Misun melepas tangan yang membungkam mulut nya kemudian mendengus, “Huh, daripada memikirkan Hyemin, akhir sabtu ini kita nge gym bagaimana? Personal trainer kita menunggu, ayolah Gikwang, sudah lama kita tidak ke sana” *ceritanya personal trainernya sama*

“Hm, atur saja lah. Nanti hubungi aku” jawab Gikwang malas, “Syuting nya sudah bubar kan? Aku mau pulang, dan belanja untuk keperluan dorm”

“Perlu ku antar?”

“Aku bawa mobil” jawab Gikwang, “Annyeong”

Misun membalas lambaian tangan Gikwang kemudian tersenyum simpul

Hyemin…dongsaeng ku yang ini memang beruntung. Di cintai dua namja. Persis seperti lagu kali ini

***************

“Jagi, tangan mu benar tak apa?” tanya Taemin, saat ini mereka sedang berada di sebuah bukit yang cukup jauh dari kota Seoul

Hyemin menggeleng lalu tersenyum, “Leader babo itu sudah mengobati tangan ku, lihat” sahut nya sambil memamerkan tangannya yang di plester

“Jagi, kau dekat dengan Lee Gikwang tidak?”

“Hm, kami hanya sering bertemu di lokasi OMS saja Oppa” jawab Hyemin, seketika senyum jahil menghiasi wajah nya, “Kau cemburu ya Oppa?”

Taemin menggembungkan pipinya lalu mencubit pipi Hyemin gemas, “Tentu saja, pandangan matanya padamu itu….seperti seorang namja yang sangat mencintai yeoja nya”

Hyemin tertawa kecil, “Tapi cintaku kan untuk mu Oppa”

Seulas senyum terukir di bibir Taemin, dengan cepat ia menyambar bibir yeoja itu. Ciuman yang sangat lama, mereka melepas ciumannya kemudian menempelkan dahinya di dahi yeoja itu

“Saranghae, aku sangat mencintaimu Hyemin. Aku harap, kita bisa mengumumkan hubungan ini secepat mungkin”
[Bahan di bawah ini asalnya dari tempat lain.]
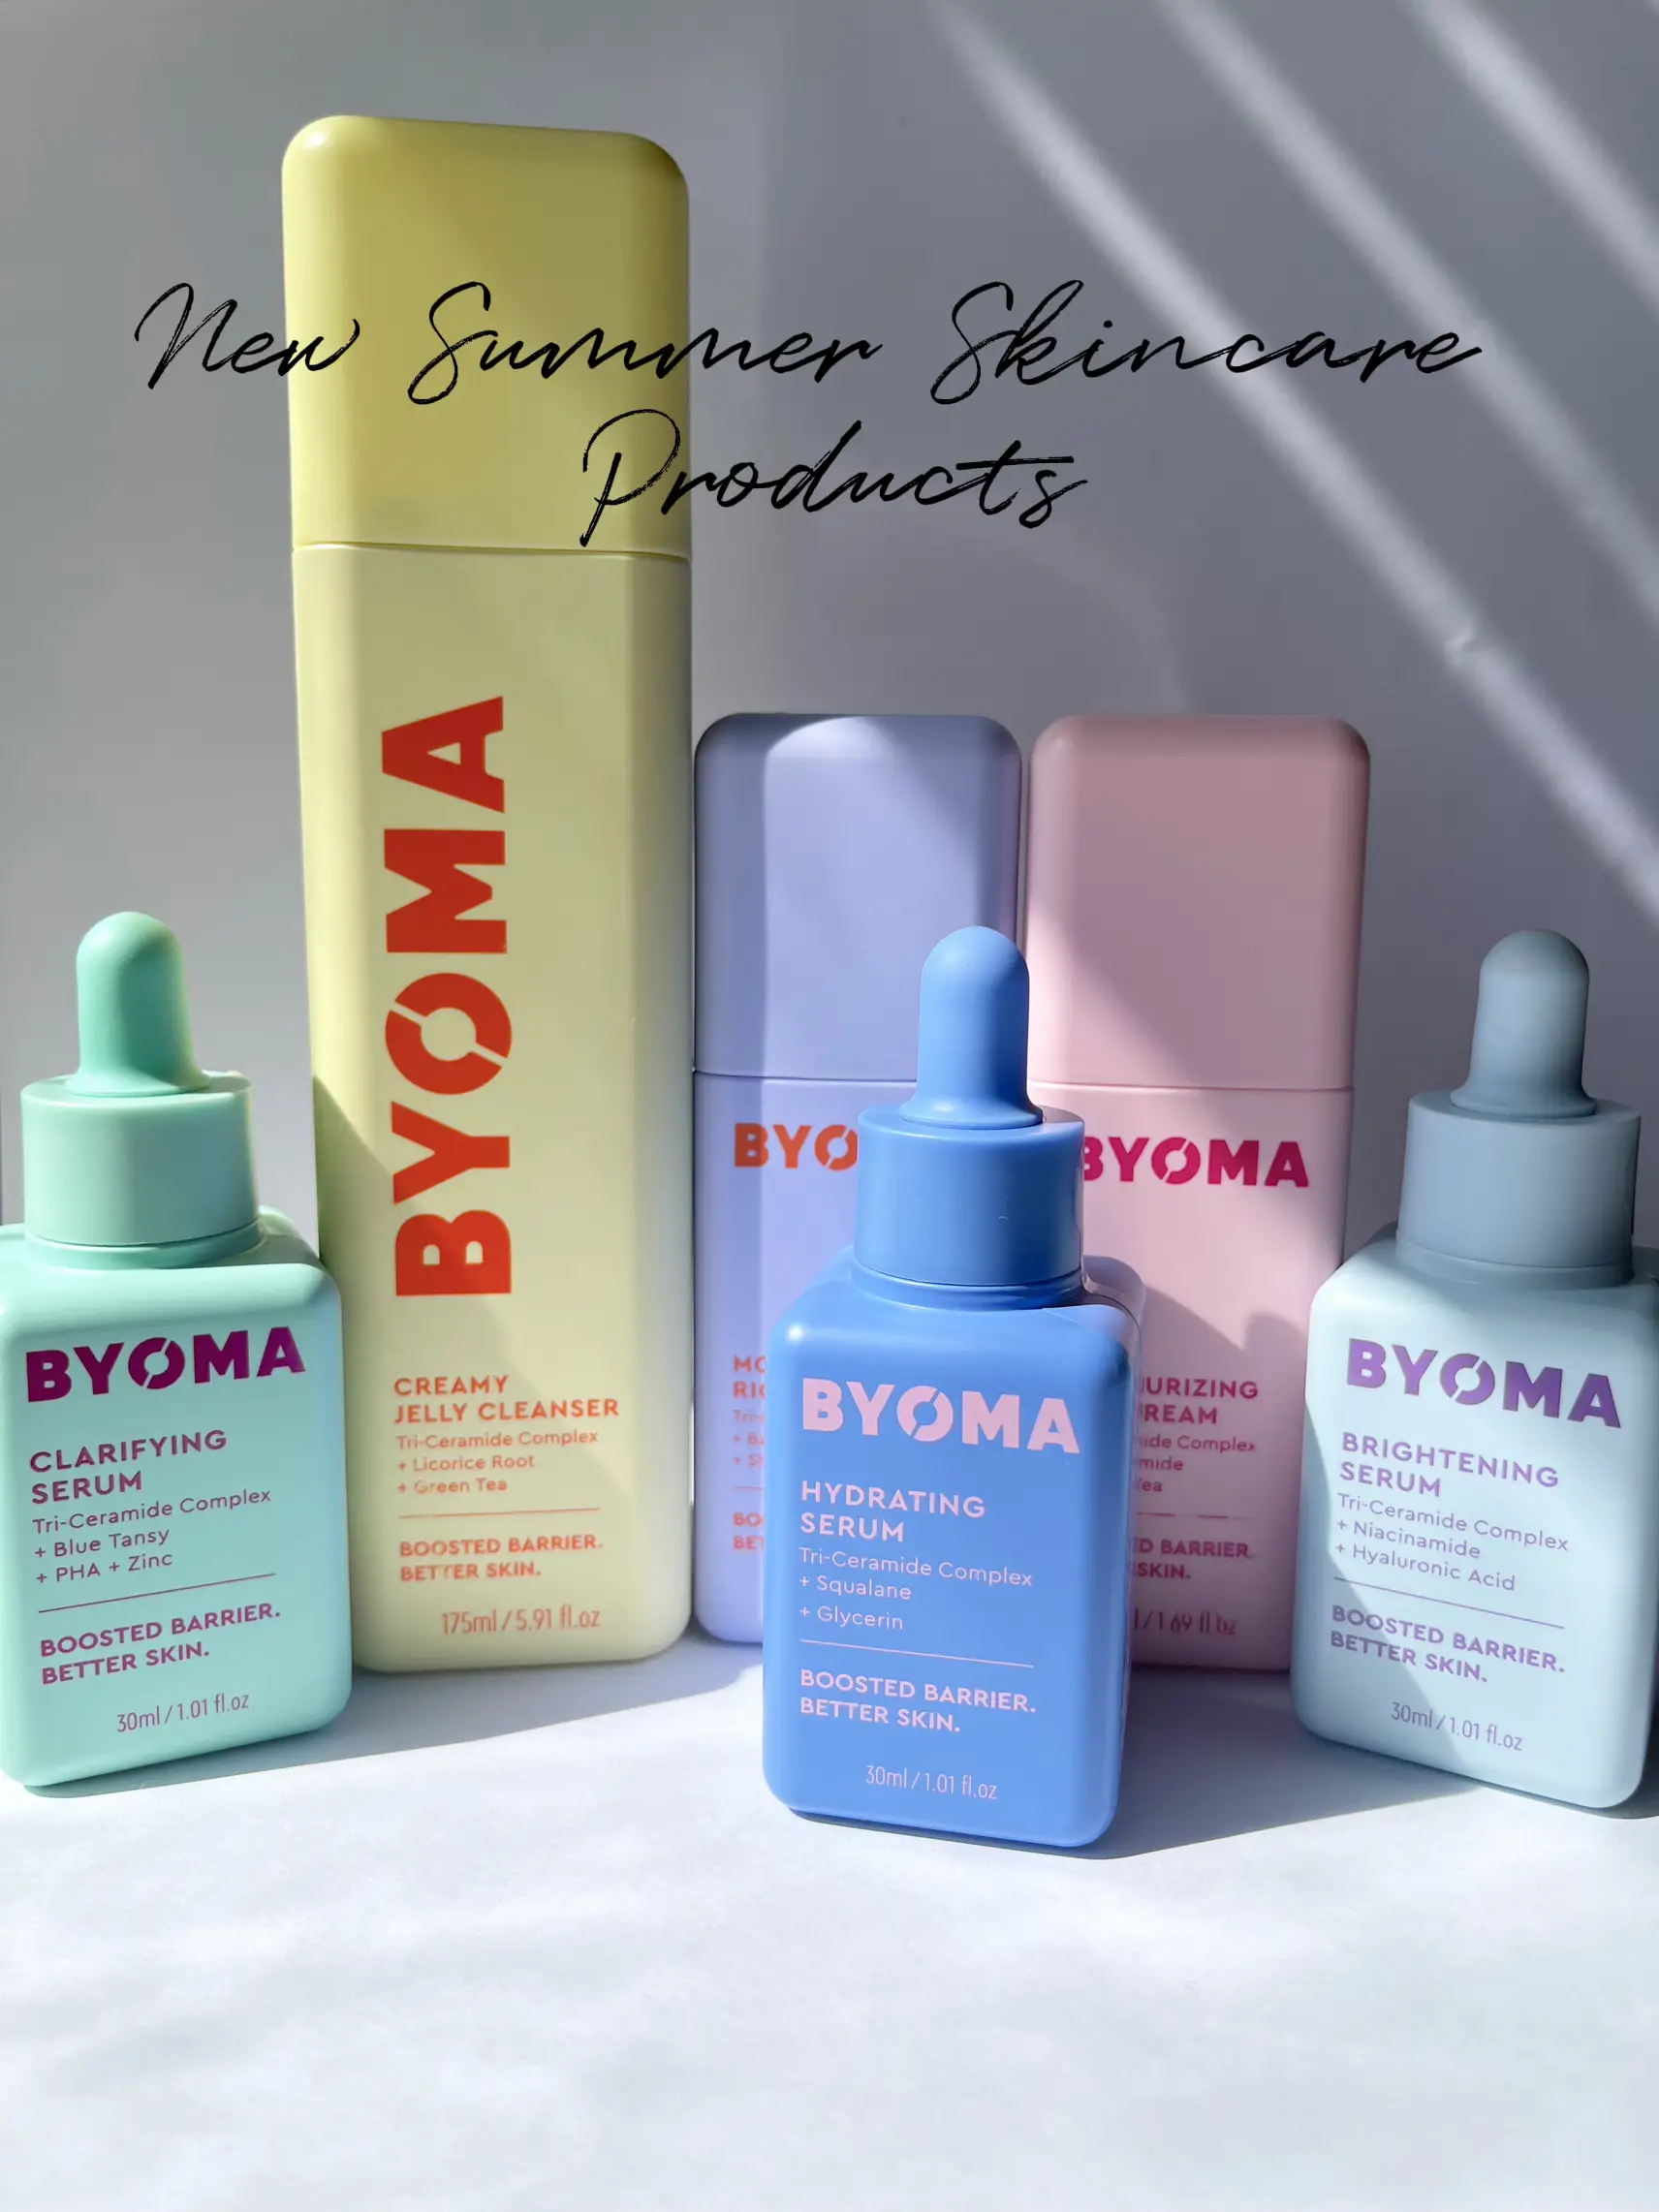 byoma #skincare  Face cleanser, Skin care, Hydrating serum

“Nado Oppa” jawab Hyemin sambil tersenyum, senyum yang memilukan. Entah kenapa hatinya menolak untuk bicara seperti itu

Benarkah aku tak bisa melupakannya? Apakah melupakan rasa cinta itu sesusah ini? Aku ingin mencintai Taemin, tuhan…sesulit itukah aku mencintai namja yang baru?

***************

“Hei, kemana Hyemin?” tanya Gikwang, saat ini ia sedang berada di Dorm sementara Hanabi, di daerah gangnam-gu. Misun lah yang mengajak nya untuk main ke sana

Misun sibuk dengan ponselnya, “Mungkin sedang bersama namjachin—….Ups “ Misun menutup mulut nya kemudian kembali fokus dengan ponselnya

“Namjaching apa?”

“Bukan apa-apa”

“Misun, tell me”

Misun menghela nafas, “Tapi jangan kaget ya” sahut nya, Gikwang mengangguk, “Dia bersama namjachingu nya saat ini”

Mata Gikwang melebar sempurna, “Namjachingu?”

Harusnya aku tak keceplosan tadi

“Yah, namjachingu” jawab Misun, “Sudahlah tak perlu di bahas, lagi pula aku juga tidak mood membahasnya”

“Tapi aku ingin tahu” Gikwang duduk di samping Misun kemudian menatap Misun tajam, “Ayolah, kau tahu kan aku…..pokoknya ceritakan!! Ppali!!”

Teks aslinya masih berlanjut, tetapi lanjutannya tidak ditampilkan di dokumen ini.